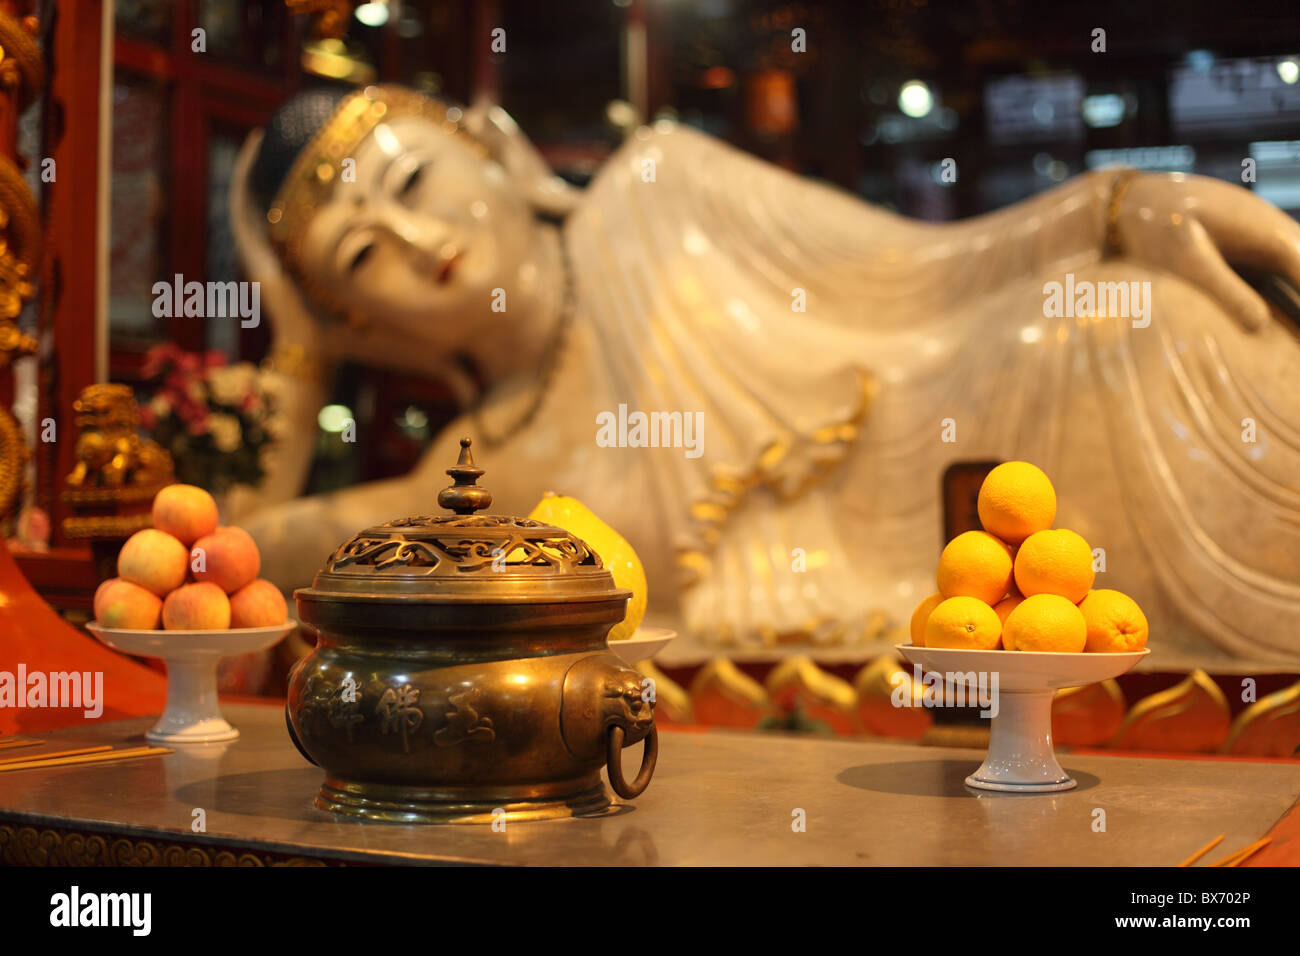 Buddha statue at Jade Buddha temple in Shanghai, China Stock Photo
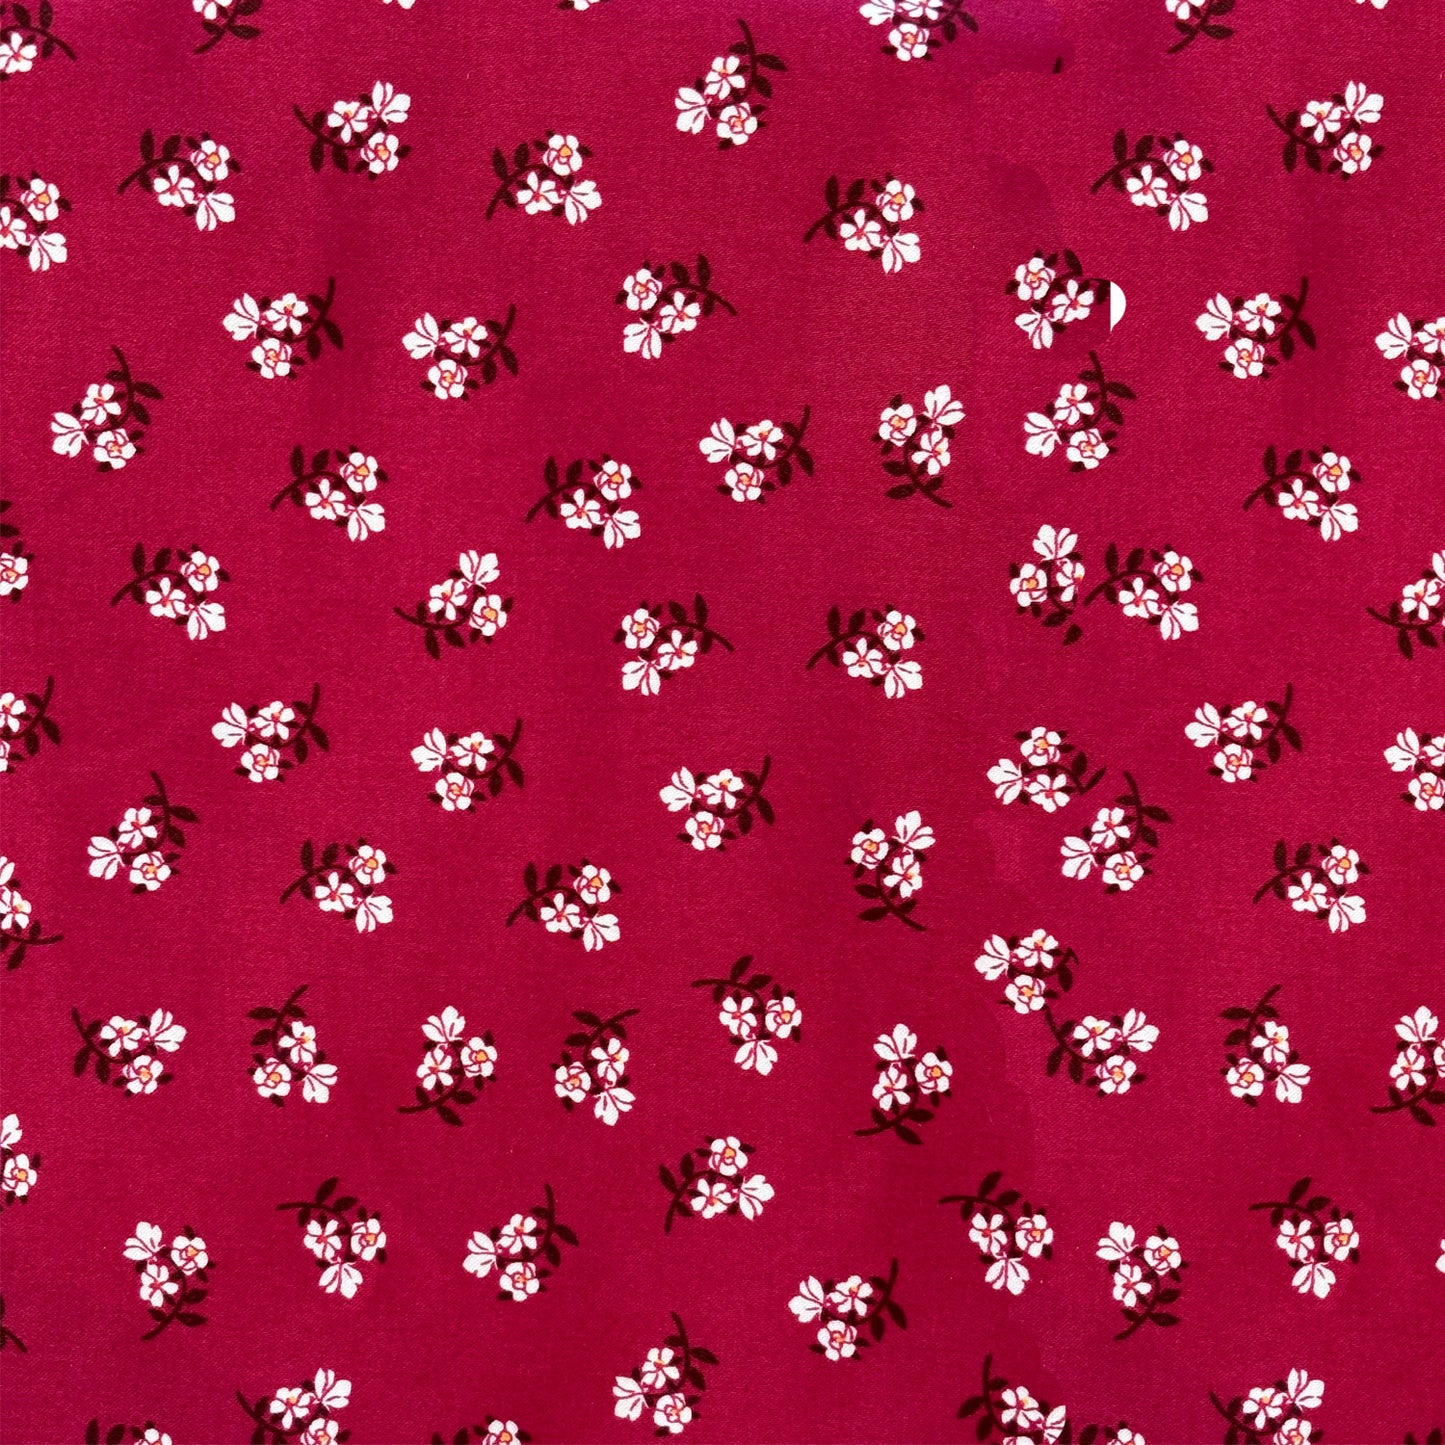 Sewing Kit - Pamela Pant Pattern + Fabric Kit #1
◇ ◇ ◇ ◇
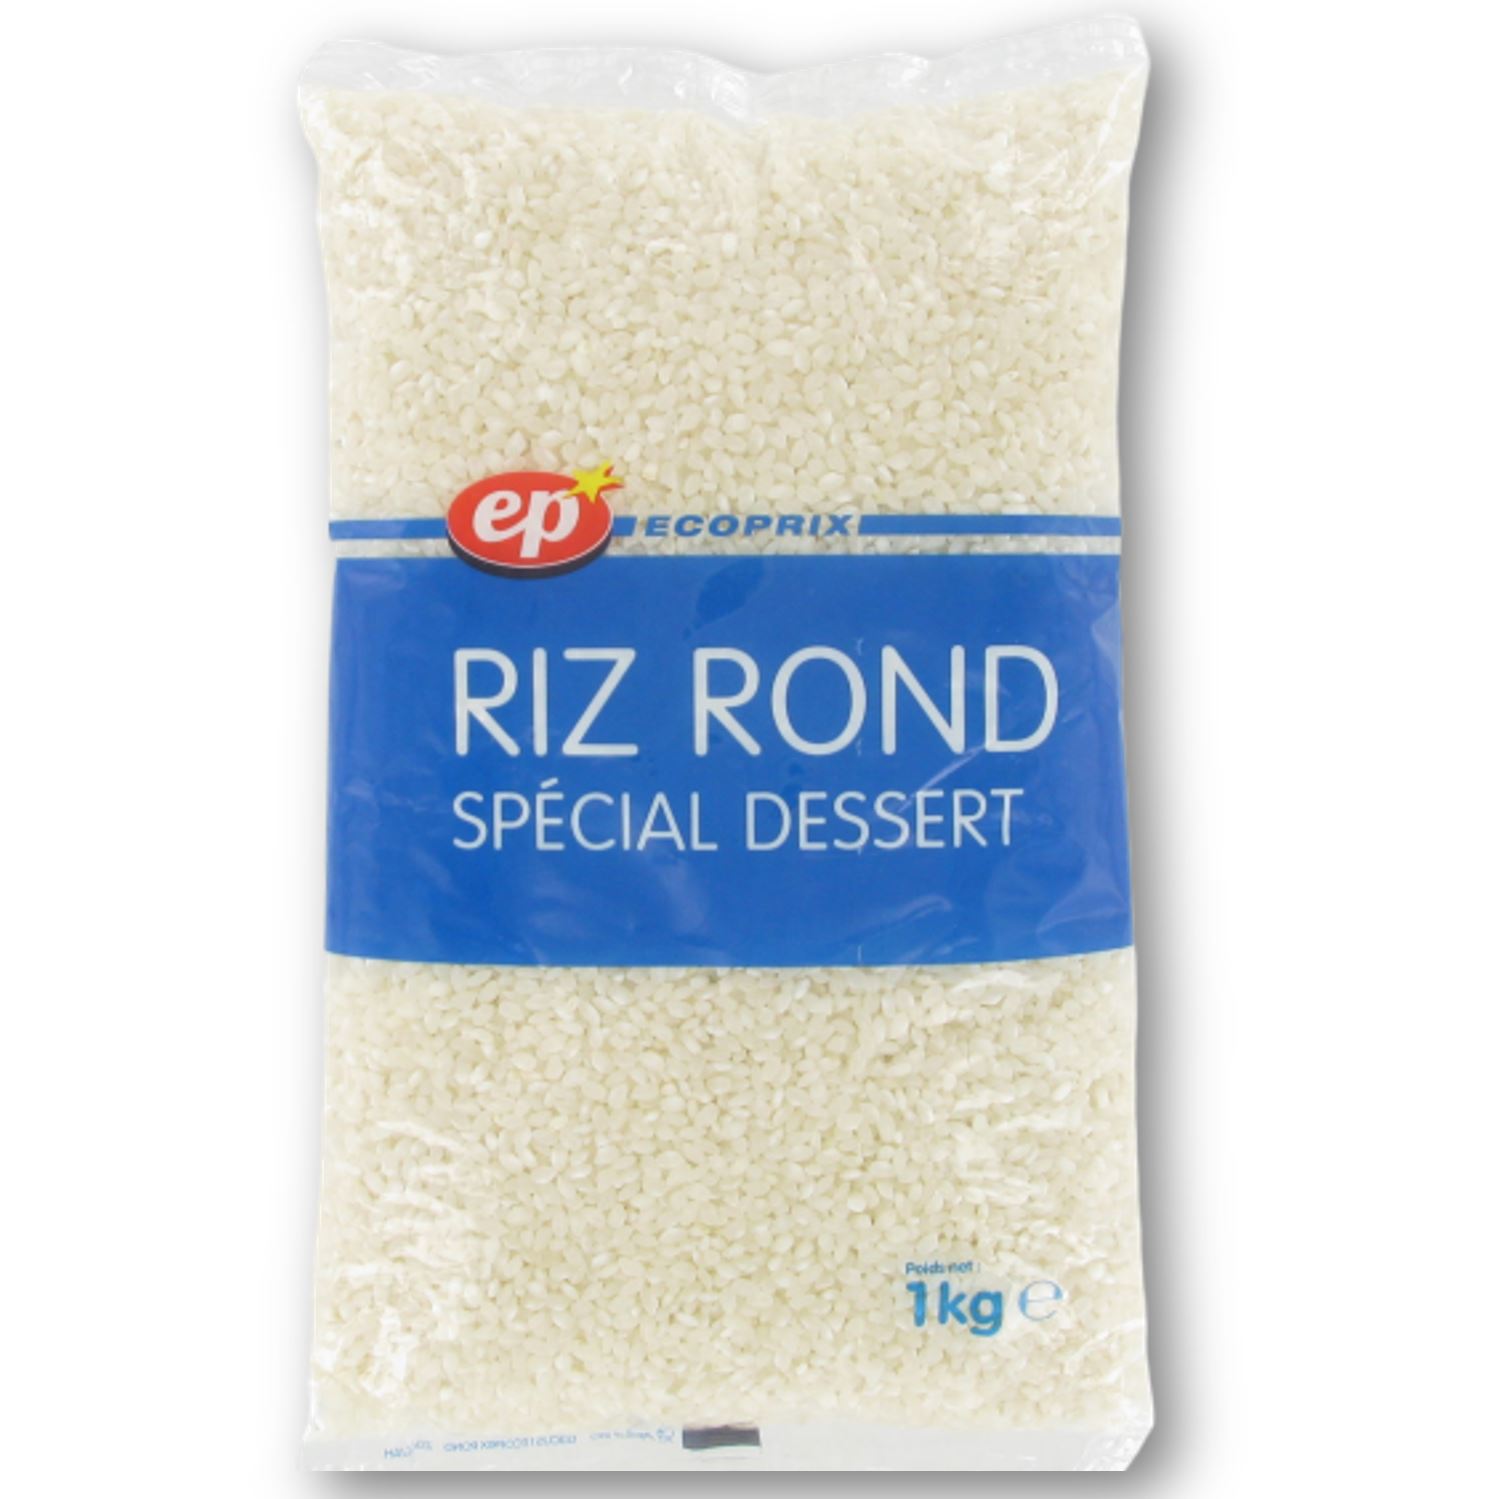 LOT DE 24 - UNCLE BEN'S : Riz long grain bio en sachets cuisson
◇ ◇ ◇ ◇
● REQUIRED WORK: What you return must match, character for character, the lines above from the one with "Buddha statue at" through the one with "Sewing Kit - Pamela", minus any pictures.

● ANSWER SPACE:
 Buddha statue at Jade Buddha temple in Shanghai, China Stock Photo
 Sewing Kit - Pamela Pant Pattern + Fabric Kit #1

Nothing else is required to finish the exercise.